The second stage (often called the true “frozen shoulder”) is effectively a plateauing of symptoms. It does not necessarily mean that the shoulder will be left completely immobilised but rather that the deterioration (reduction in range or worsening of pain) will have ceased. Again, physiotherapy techniques to loosen the shoulder joint, AC and SC joints as well as the cervical spine and muscles around the shoulder may be able to improve symptoms during this period. Again, if improvement is not obvious and immediately forthcoming (within 1 or 2 consultations) it is best (safest and cheapest) to stick with a home mobility and strengthening programme. This second stage is often the shortest of the three stages. Injections are usually most beneficial in this stage.

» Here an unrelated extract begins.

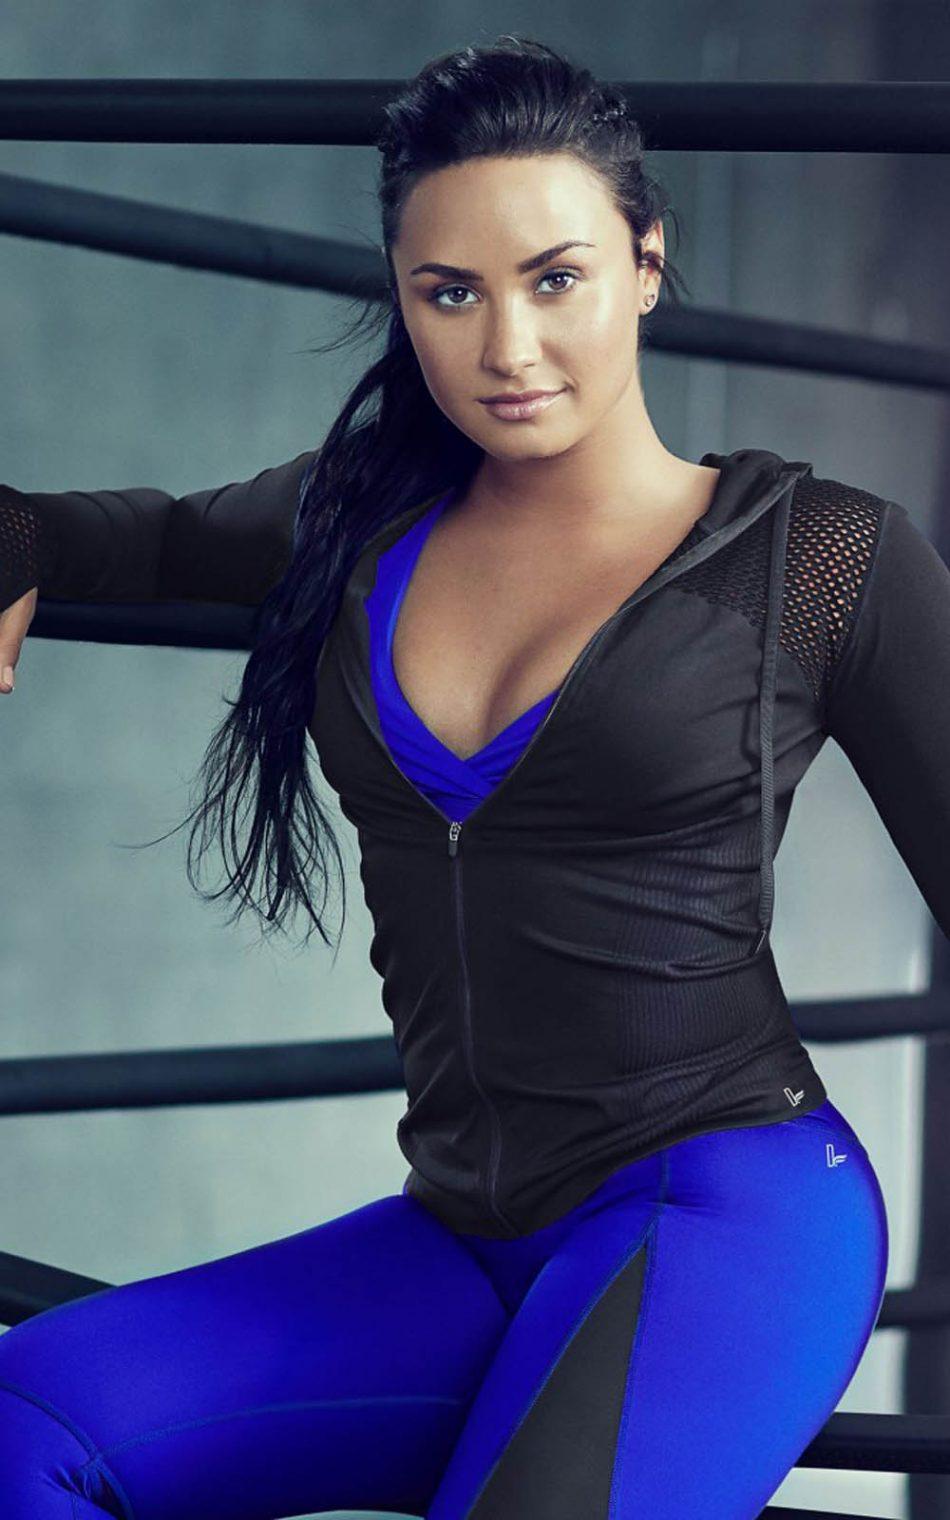 Dj Movie Hd Wallpaper Download Demi Lovato Workout Photoshoot 2017 Free Pure 4k

The third stage (a “thawing shoulder”) begins at the time when improvements in range and reductions in pain begin to occur. This is the time in which manual physiotherapy interventions are most effective. Manual joint and muscle release techniques, although uncomfortable, can considerably improve symptoms. In most cases, one or two consultations every 1 to 2 months is all that is required. Remember, if improvement is not significant with these treatments, discuss it with your physiotherapist. This allows for your treatments to be adapted, intensified or ceased completely if necessary. Your therapist will continue to rely heavily on the feedback you give them following each treatment.


Many patients fall into the cycle of continuing with regular (and costly) physiotherapy treatments which do little more than babysit the injury whist it recovers on its own. If you do not feel you are getting substantial benefit from treatment, cease. Remember, frozen shoulder is a problem that will resolve by itself in due time. Physiotherapy simply aims to punctuate bursts of improvement during the natural course of the pathology, reduce the likelihood of secondary shoulder and neck problems and facilitate daily function of the arm.


Medical management options for treating frozen shoulder.
The severity of frozen shoulder can vary greatly from patient to patient. Some people require little more than oral analgesics or anti-inflammatories to assist them through their recovery period. Others may require corticosteroid injections or manipulation of the shoulder joint under general anaesthetic. Hyperdilation (also called hydrodistension or hydrodilation) involves injecting the shoulder joint with saline to expand and stretch the joint capsule. The best outcomes are achieved when this is administered with a corticosteroid injection.


Corticosteroid injections (into the glenohumeral joint) OR hydrodistension (without corticosteroid) rarely produce significant outcomes unless performed concomitantly.